3. PostgreSQL Database server

Install PostgreSQL locally or have access to a PostgreSQL server.

It is assumed that the operating system used to run the dashboard will be a flavour of UNIX/Linux. However, if you want to run it on a Mac, we suggest you use the relevant Enterprise DB installer to start with. Regardless, follow the instructions for your system.

Note

These instructions assume PostgreSQL is installed on the same machine as the dashboard and Grafana. If your setup requires PostgreSQL to be hosted on a separate server, you may need a version of PostgreSQL compiled with SSH support.

Choose a username and password for the PostgreSQL admin user (conventionally postgres). These instructions assume you use postgres as the admin username.

Important

Do not store the admin password in a file. If you forget it, follow these steps to reset it.

Note

Dashboard users should be granted only SELECT permission on the database.

Check that your $PATH allows you to access the psql utility.

4. Grafana

Install the self-managed Grafana Enterprise edition (Enterprise, just in case you want to host it on the cloud).

By default, the superuser credential is id: admin, password: admin. You should change the password to make your set-up more secure.

Configuration files

Before running the dashboard, you will need to prepare three configuration files. Templates and examples for all of them are provided in the configuration/templates/ and configuration/examples/ directories respectively.

1. Scripts configuration file (`config.yaml`)

Copy the template provided in configuration/templates/config.yaml to a location of your choice and edit it, replacing all values surrounded by < > characters. This file contains the core parameters needed to run the dashboard, including database connection details and paths to the other configuration files. You can uncomment the optional parameters you want to use.

Note

If you choose to run the dashboard inside a Docker container, note that restarting the container can cause the database to be deleted and re-created. To prevent this, set skip_db_overwrite: True in config.yaml.

2. Cluster information file (`cluster_info.yaml`)

Copy the template provided in configuration/templates/cluster_info.yaml and edit it with information about your HPC cluster. See configuration/examples/cluster_info__demo.yaml for a worked example.

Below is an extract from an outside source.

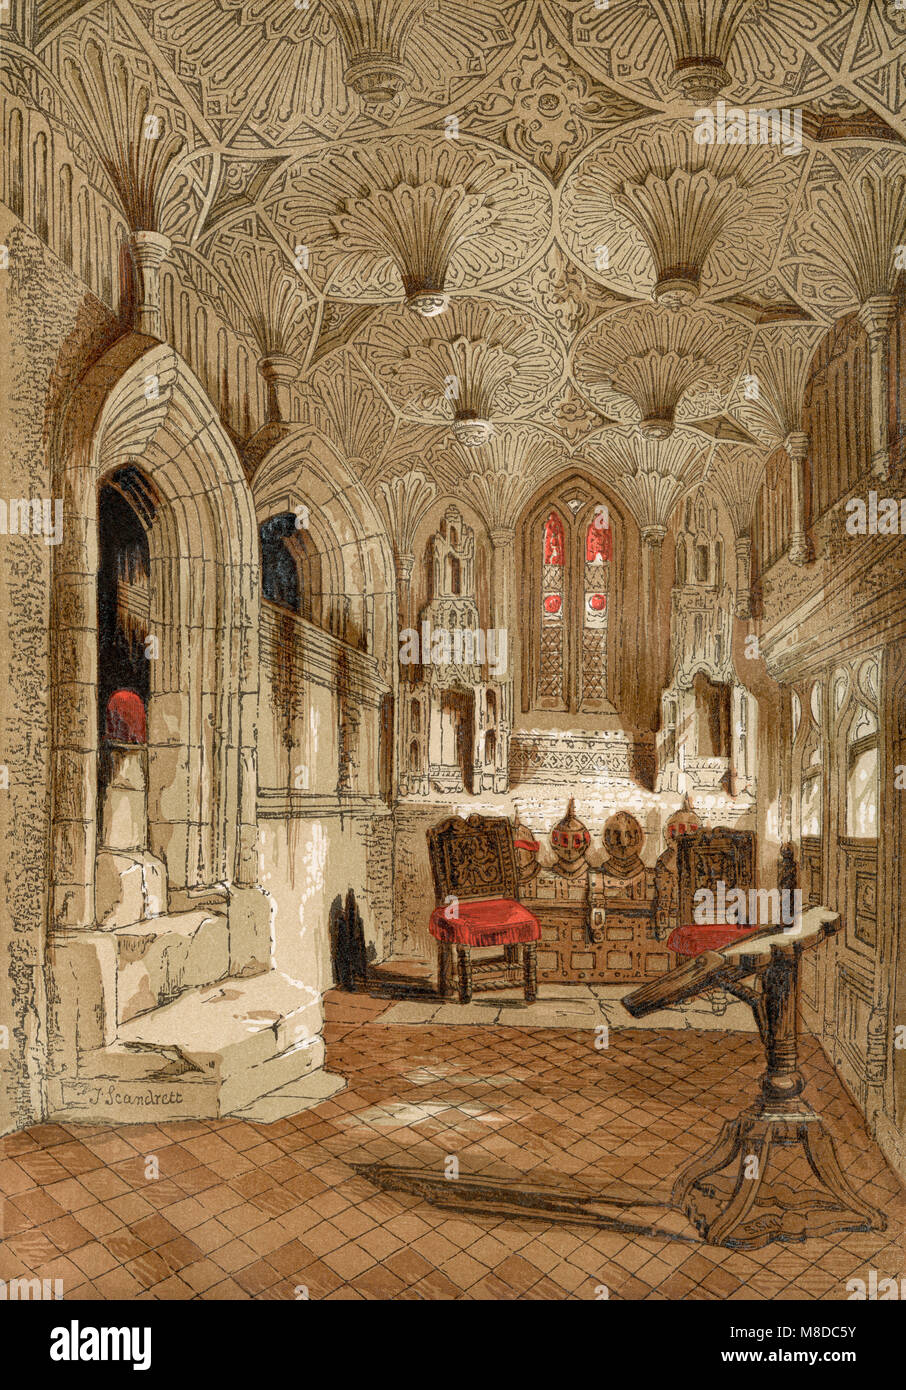 The Chantry Capel, Collegiate Church of St Mary, Warwick, England.  This chapel adjoins the Beauchamp Chapel where the effigial monument of Robert Dudley, 1st Earl of Leicester can be found.  From Old England: A Pictorial Museum, published 1847. Stock Photo
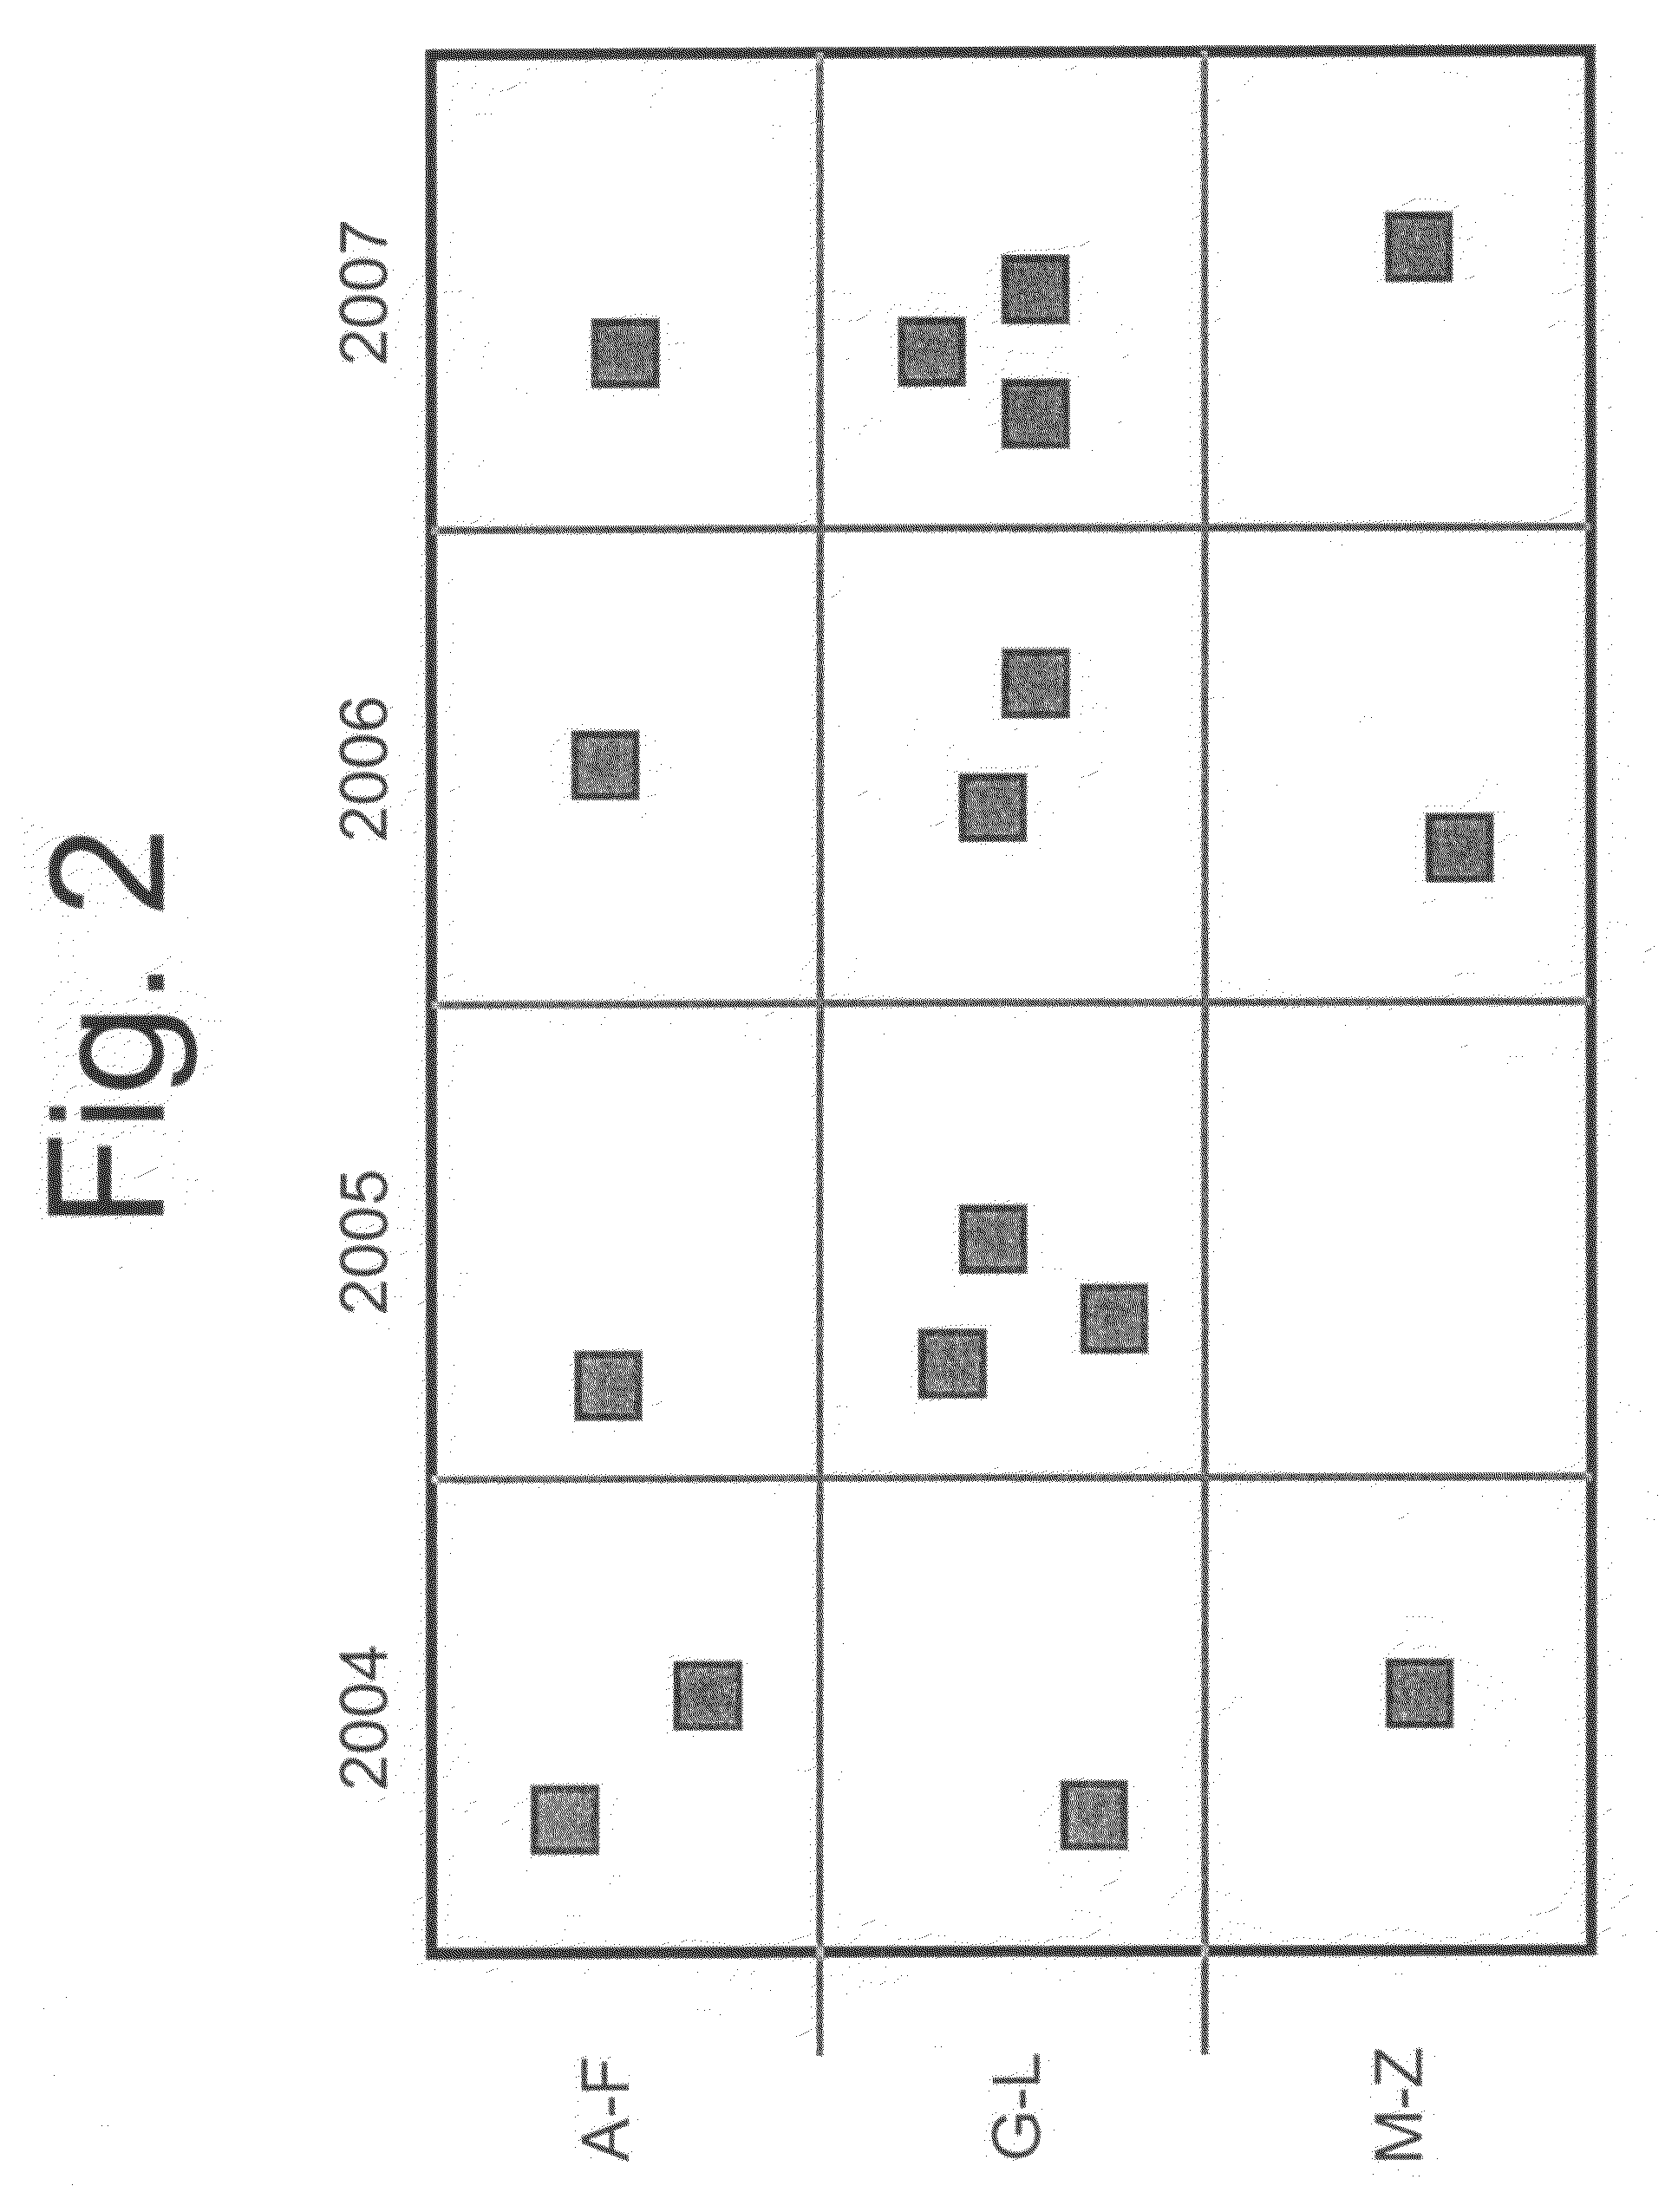 Method for improving search efficiency in enterprise search system

For each partition (a set of computing nodes with a dedicated queue) you will need:

type: CPU or GPU
model: processor model
TDP: thermal design power (check the manufacturer's datasheet if needed)
For GPU partitions only: model_CPU and TDP_CPU

You will also need values for institution, cluster_name,granularity_memory_request, PUE, and other fields listed in the template.

Carbon intensity (CI)

The dashboard uses carbon intensity (CI) data to estimate the carbon footprint of your HPC usage. There are three ways to configure this:

Carbon Intensity API (UK only) If your cluster is based in the UK, the dashboard can pull dynamic carbon intensity data from the Carbon Intensity API. To enable this, add the first three characters of your postcode to cluster_info.yaml. The dashboard uses a daily average of the carbon intensity values returned by the API.
Fixed carbon intensity value For clusters outside the UK, you can provide a fixed carbon intensity value directly in cluster_info.yaml, e.g. the average carbon intensity in the data centre's location (you can find it here). This will be used for all calculations.
Custom API integration If you would like to use a different carbon intensity API for your region, you can implement your own integration using the APIService class in ga_dashboard/backend/services/api_service.py. Get in touch if you need guidance on this.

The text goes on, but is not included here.